/GCD

Primary LanguageR

GCD

The script run_analysis.R performs the following steps, the scope being a tidy data set, according to the rules suggested in Hadley Wickham's tidy data paper:

  1. Reads the data sets, along with the dictionaries:
    • subject variable: UCI HAR Dataset/train/subject_train.txt and UCI HAR Dataset/test/subject_test.txt
    • activity variable: UCI HAR Dataset/train/y_train.txt and UCI HAR Dataset/test/y_test.txt
    • feature measurements: UCI HAR Dataset/train/X_train.txt and UCI HAR Dataset/test/X_test.txt
    • dictionaries: activities and features: UCI HAR Dataset/activity_labels.txt and UCI HAR Dataset/features.txt
  2. Merges the training and the test sets to create one data set.
    • Merging colwise and rowwise.
    • The resulting data frame bound.all has a wide format: 10299 observations od 563 variables (1 subject, 1 activity and 561 feature variables).
    • The data is then converted to a long format tidy.all with 4 columns: subject, activity, feature id, and value.
  3. Extracts only the measurements on the mean and standard deviation for each measurement.
    • Out of 561 features, only 66 are selected.

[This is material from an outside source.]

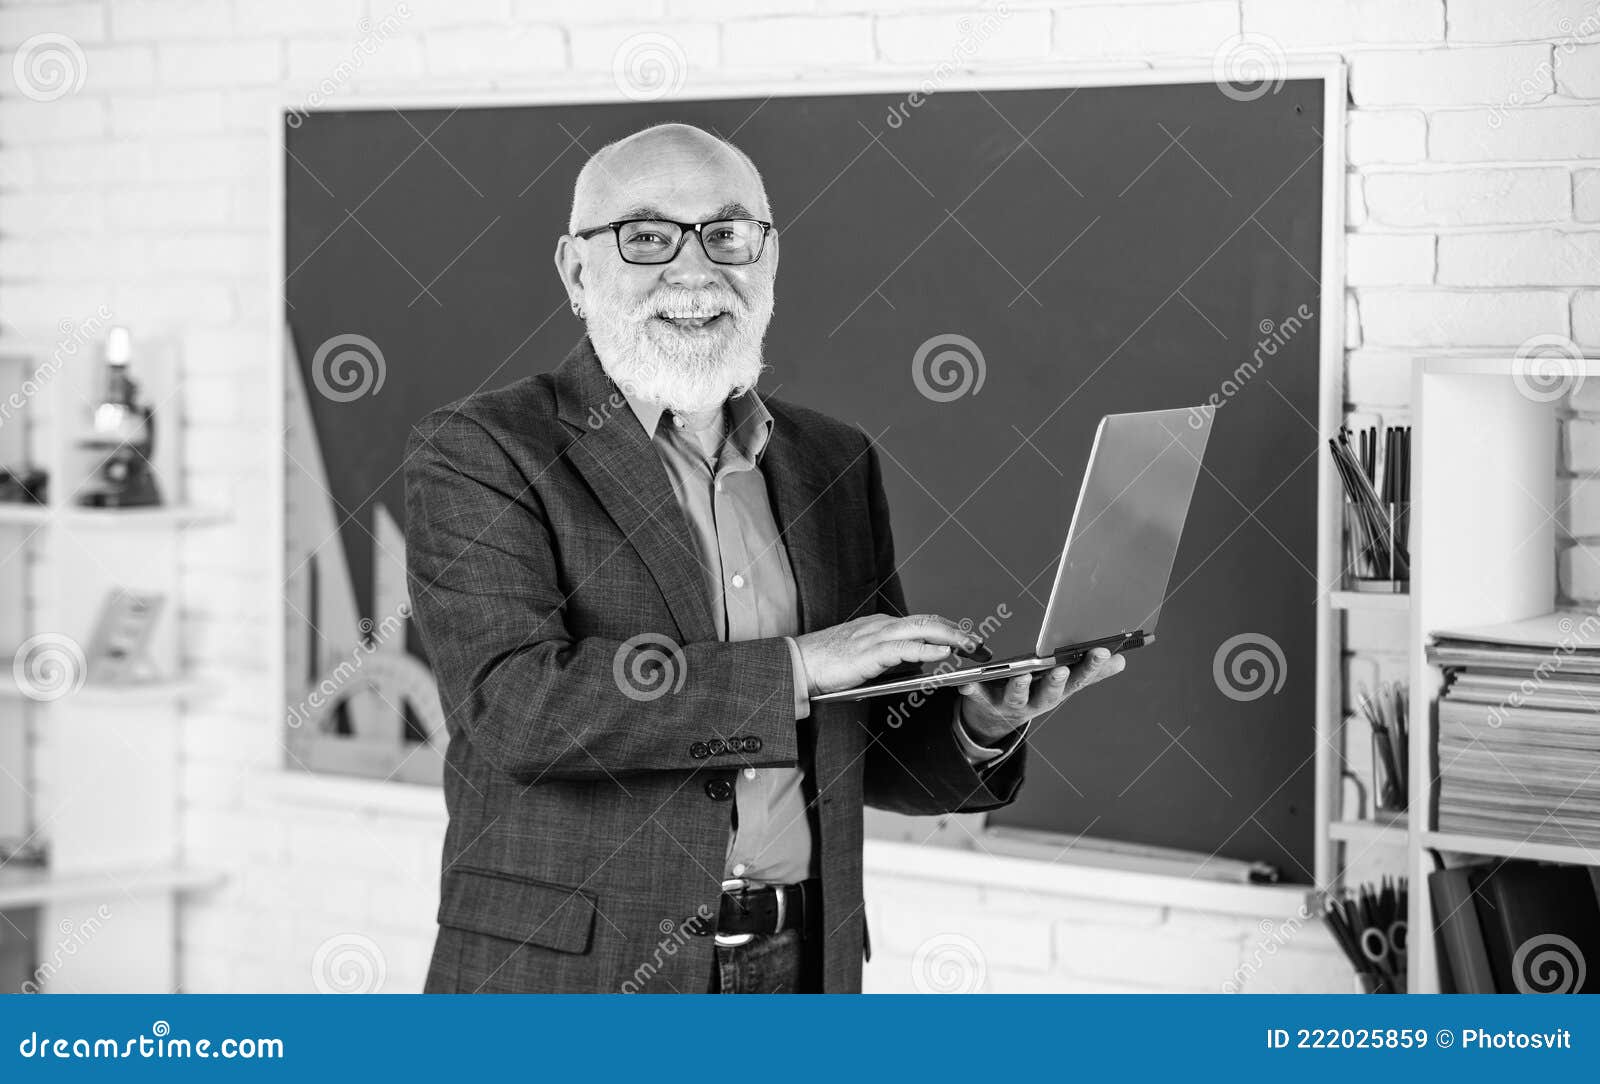 online service. videoconferencing keeps homebound students connected. senior intelligent man teacher use laptop. distant

The filtered tidy.all data frame has 679734 rows and 4 columns.
  4. Uses descriptive activity names to name the activities in the data set.
    • The activities dictionary is used.
  5. Appropriately labels the data set with descriptive variable names.
    • Each feature gets a descriptive label from the features dictionary.
  6. From the data set in previous step, creates a second, independent tidy data set with the average of each variable for each activity and each subject.
    • The resulting data frame tidy.mean is eventually written to the file tidy_mean.txt.